If $v \in U$, then $u^* = v$ since $\| v - u^* \| = \| v - v \| = 0$. Instead consider the case where $v \not \in U$. It's not hard to see that in this case, $u^* = P_U(v)$. We will formally prove this with the following theorem that will lay this foundation for solving various minimization problems.

 Theorem 1: Let $V$ be an inner product space and $U$ be a finite-dimensional subspace of $V$ so that $V = U \oplus U^{\perp}$. Let $v \in V$. Then for every vector $u \in U$ we have that $\| v - P_U(v) \| ≤ \| v - u \|$.

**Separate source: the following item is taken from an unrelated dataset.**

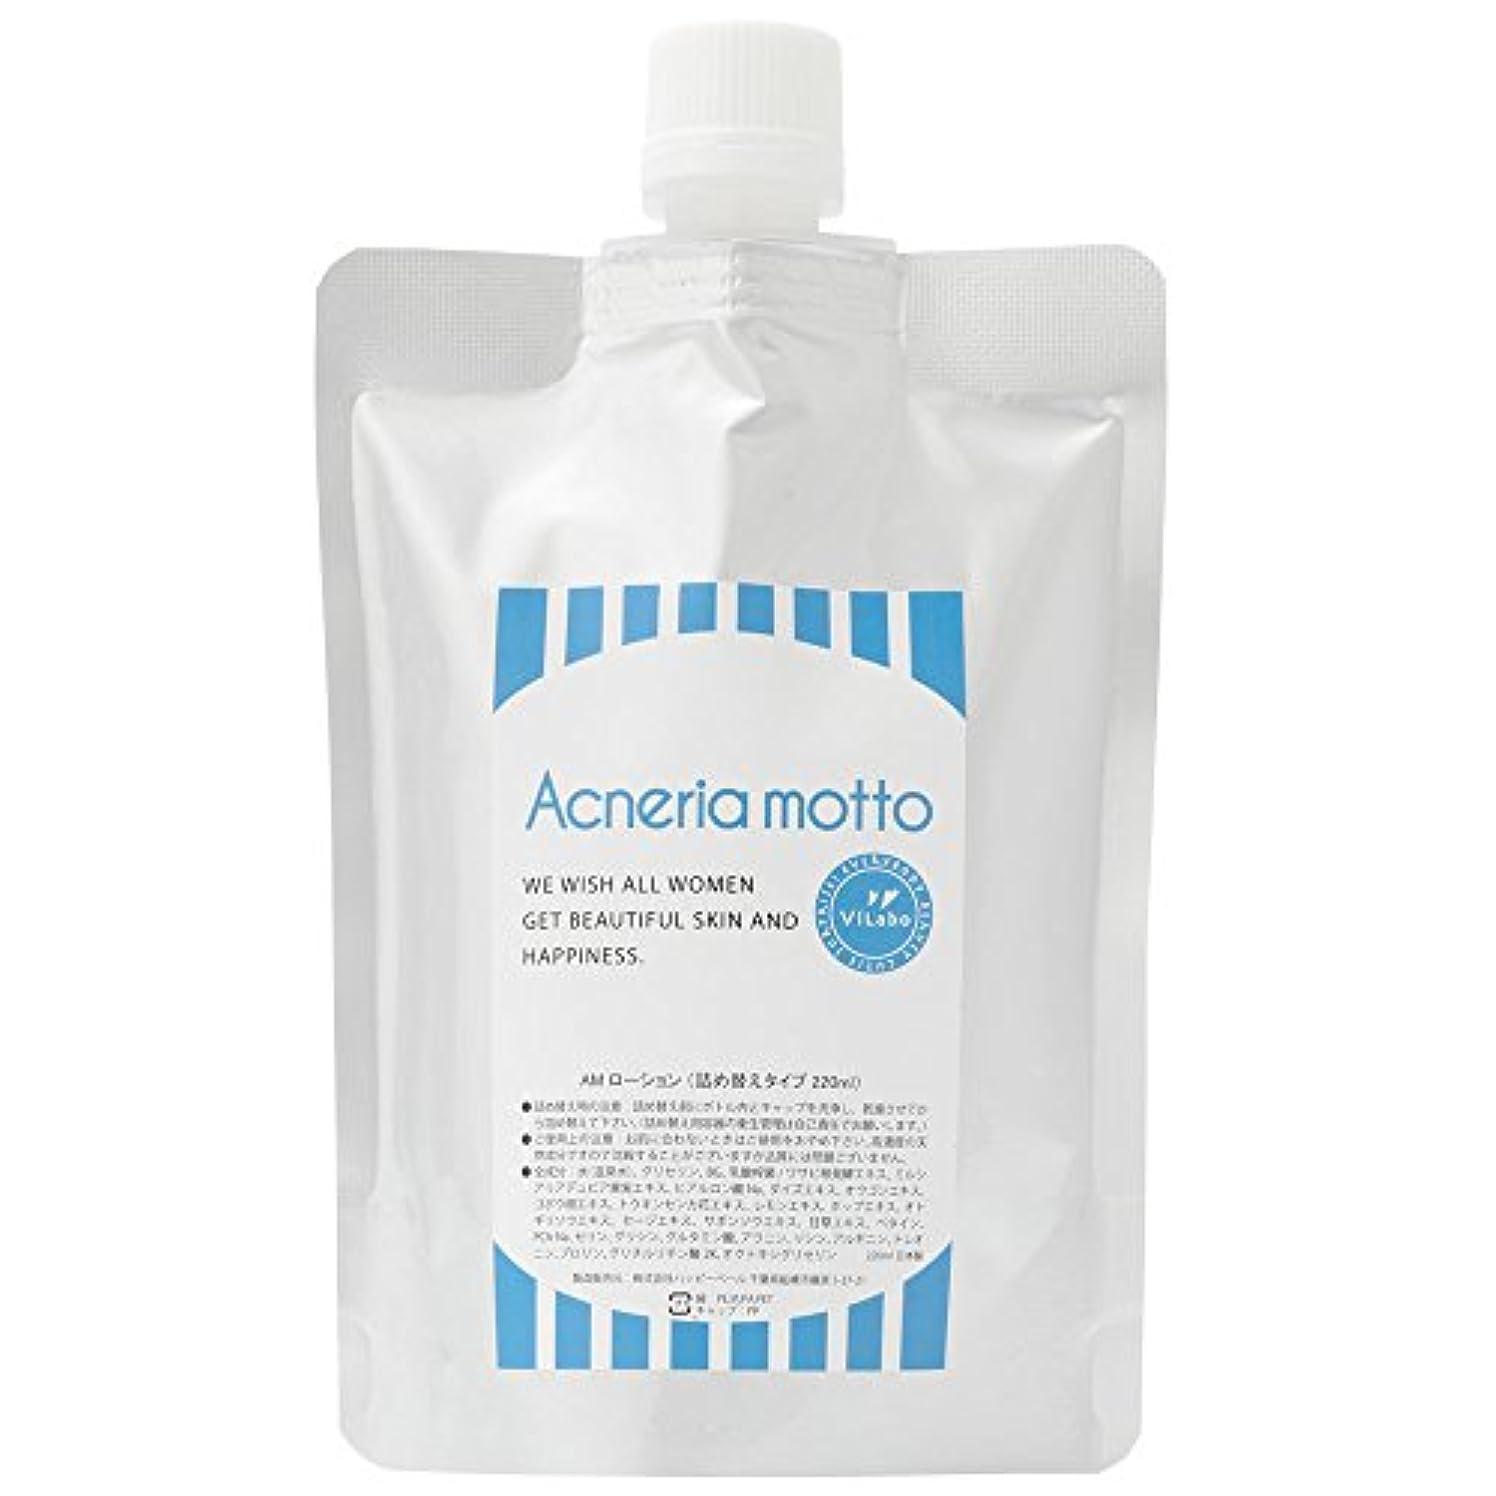 爬虫類抵抗レザーViLabo アクネリアモットローション (AMローション)化粧水 220ml 詰め替え用パウチ ビラボ

• Proof: Let $u \in U$. Note the vectors $v - P_U(v)$ and $P_u(v) - u$ are orthogonal since $(v - P_U(v)) \in U^{\perp}$ and $(P_U(v) - u) \in U$ and so in applying the Pythagorean Theorem we have that:
(1)
\begin{align} \quad \| v - P_U(v) \|^2 ≤ \| v - P_U(v) \|^2 + \| P_U(v) - u \|^2 = \| v - P_U(v) + P_U(v) - u \|^2 = \| v - u \|^2 \end{align}
• If we take the square root of both sides of the inequality above, we get that $\| v - P_U(v) \| ≤ \| v - u \|$ for every $u \in U$. $\blacksquare$